- _WHAT IS NEEDED_: Please print exactly the lines running from the one that contains "Точковий світильник - це" to the end of the data, with both lines included.

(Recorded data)
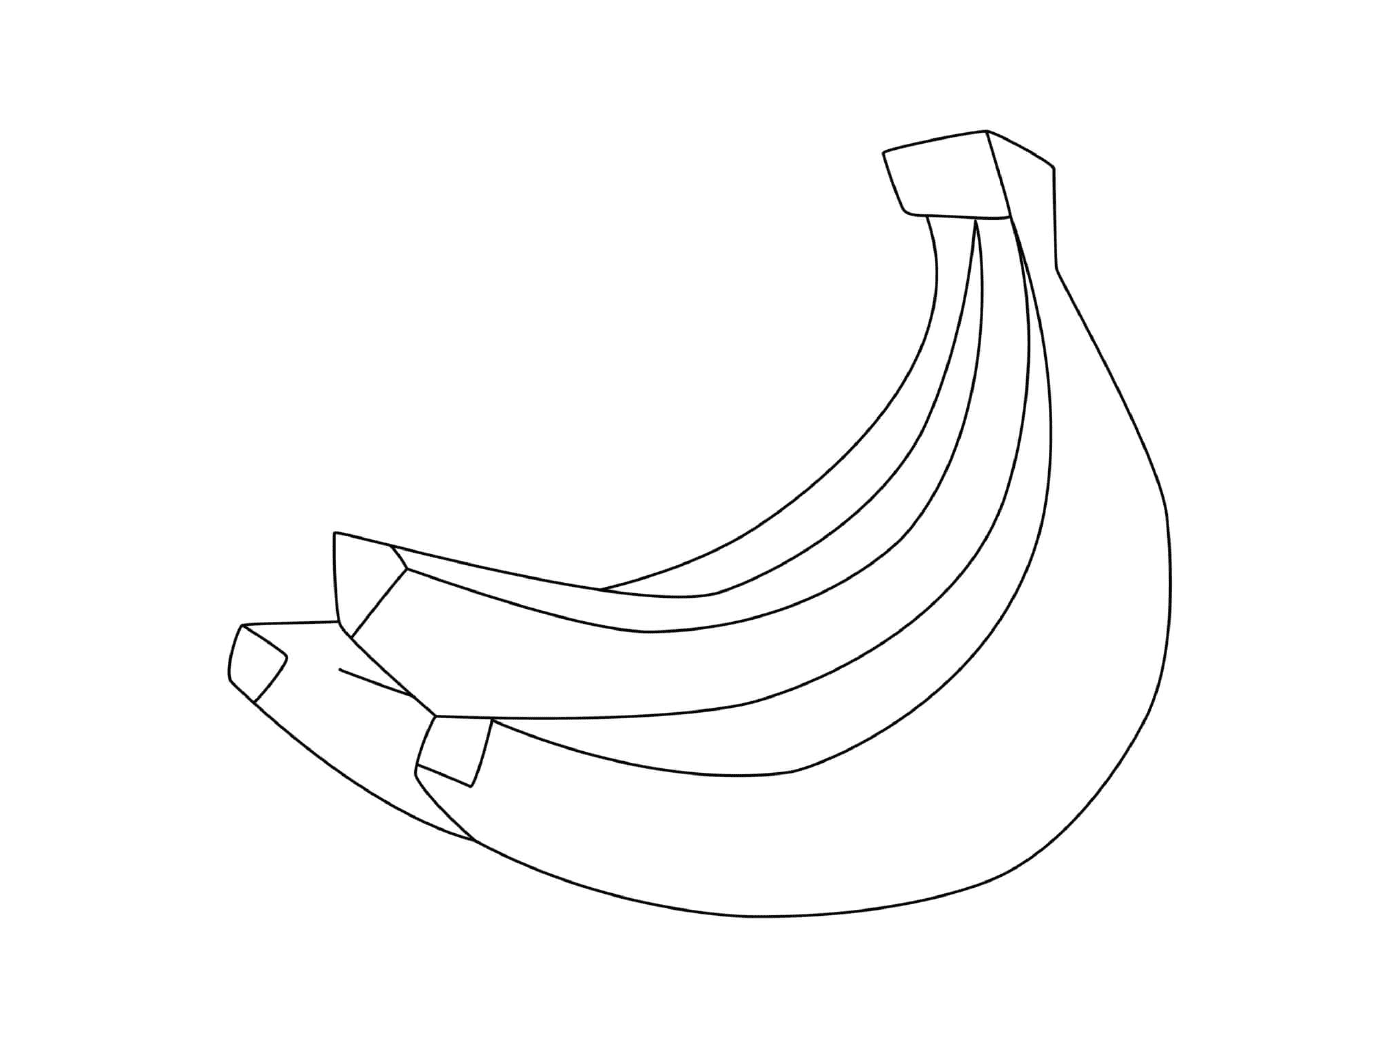   Une grappe de bananes sur une table 
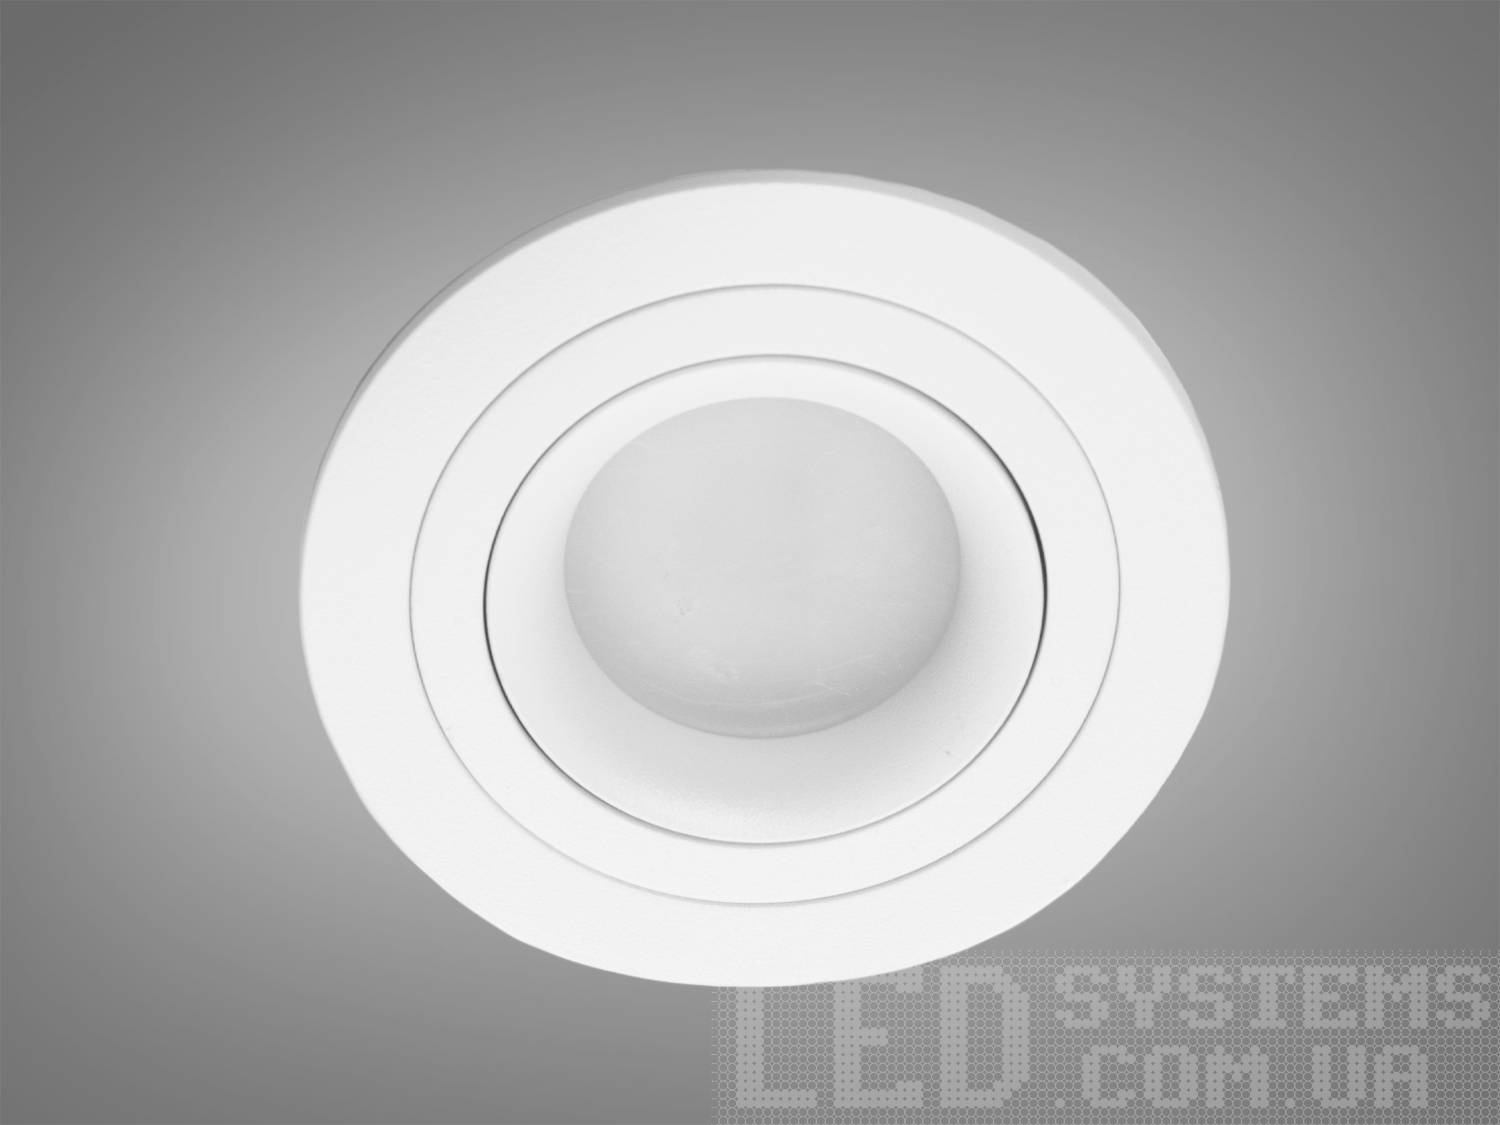 Нова серія точкових світильників дозволить зробити Вашу квартиру стильною та сучасною. Дані світильники ідеально підходять для світлодіодних ламп, які забезпечують найкращі параметри освітлення та енергозбереження, дозволяючи дизайнеру інтер'єру можливість для креативу. 
Точковий світильник - це спеціальний вбудований світильник, який використовується для спрямованого або загального підсвічування певних ділянок Вашої квартири. Їх застосовують на кухні, у ванній кімнаті, для освітлення сходів та у житлових кімнатах. При рівномірному розподілі різних джерел світла (наприклад: люстра в центрі кімнати + точкові світильники по краю стелі) ви можете досягти ефекту відсутності тіні і зорово збільшити простір кімнати. Куди б Ви не подивилися, точкові світильники будуть гарно освітлювати простір перед Вами та всі предмети, що Вас оточують. 
Алюмінієві світильники не схильні до корозії, добре відводять тепло від лампи. 
Лампа до комплекту не входить. 

- _RESPONSE TO THE EXERCISE_:
Точковий світильник - це спеціальний вбудований світильник, який використовується для спрямованого або загального підсвічування певних ділянок Вашої квартири. Їх застосовують на кухні, у ванній кімнаті, для освітлення сходів та у житлових кімнатах. При рівномірному розподілі різних джерел світла (наприклад: люстра в центрі кімнати + точкові світильники по краю стелі) ви можете досягти ефекту відсутності тіні і зорово збільшити простір кімнати. Куди б Ви не подивилися, точкові світильники будуть гарно освітлювати простір перед Вами та всі предмети, що Вас оточують. 
Алюмінієві світильники не схильні до корозії, добре відводять тепло від лампи. 
Лампа до комплекту не входить. 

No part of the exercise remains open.